Dame Emma Thompson

Dame Emma is best known as an award-winning actress, but her talents go much further than that. Writer, director, comedian, campaigner, she is a true multihyphenate talent. She has the distinction of having won Oscars both for acting and screenwriting, for Howard’s End and Sense and Sensibility respectively.

In 2005, she combined those talents to make Nanny McPhee, a delightful children’ s film. Dame Emma and the film’s co-star Colin Firth agreed that the proceeds from ticket sales for its West End premiere should go to the Refugee Council. In previous years she has supported our Day Centre with very generous donations that have allowed us to hold our annual festive party for clients. And as well as financial support, Dame Emma has often come along to help in person.

Here’s what Dame Emma said about becoming a patron:

 

I am delighted to become a patron of the Refugee Council. I have been a supporter for a number of years and have seen at first hand the great work the Refugee Council does. Helping out at the Festive Party has given me an opportunity to see how remarkable and resilient asylum seekers and refugees are and how they deserve respect and understanding.

It’s only when we imagine for ourselves what it would be like to run from state terror, torture, rape, the destruction of our homes and families that we can understand how vital it would be to find a place that welcomed us and tried to heal our wounds.

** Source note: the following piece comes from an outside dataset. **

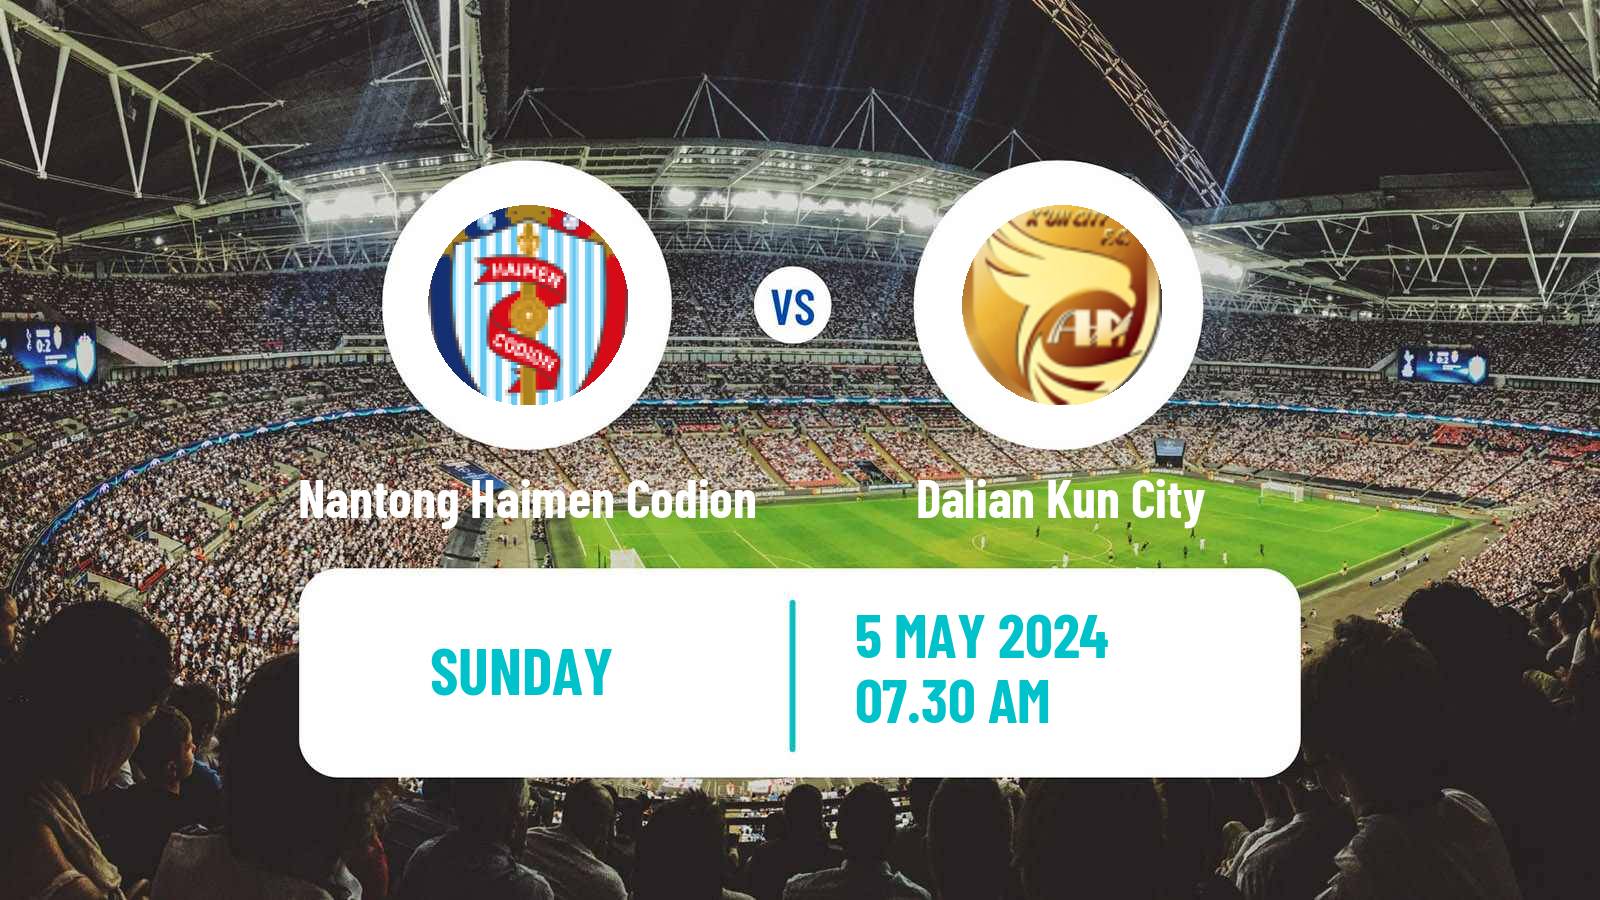 Soccer Chinese Yi League Nantong Haimen Codion - Dalian Kun City

Fortunately the Refugee Council provides such a place.


Alf Dubs, Baron Dubs

Alf Dubs, Baron Dubs is a Labour politician and leading refugee rights advocate. Formerly the MP for Battersea, Alf was appointed as a Labour life peer in 1994, and in 1997 he became Parliamentary Under Secretary of State at the Northern Ireland Office. He is a former chair of Liberty, a trustee of Action Aid and the Immigration Advisory Service and former Director of the Refugee Council.

In 2016, Baron Dubs sponsored an amendment to the Immigration Act 2016 to offer unaccompanied refugee children safe passage to Britain, having himself arrived in Britain in 1939 as a six-year-old refugee fleeing the Nazis in Czechoslovakia on the kindertransport. Baron Dubs is now campaigning to ensure that the main legal routes for refugee children to reach the UK remain open after Brexit.

 

For over 60 years, the Refugee Council has been a significant support for refugees and asylum seekers coming to the UK. The work it does is vital both in terms of the practical support and the advice it offers to those who arrive here having fled war, human rights violations and torture.

The most vulnerable refugees are of course children, especially those who arrive unaccompanied having lost their family, been separated from them or in some cases having been trafficked and subject to abuse and exploitation. It is thanks to organisations like the Refugee Council that these children are offered protection and support. I know from my own experience how bewildering it is to arrive in a new country, so I am especially grateful for the work the Refugee Council does to make that experience less traumatic for the refugee children of today.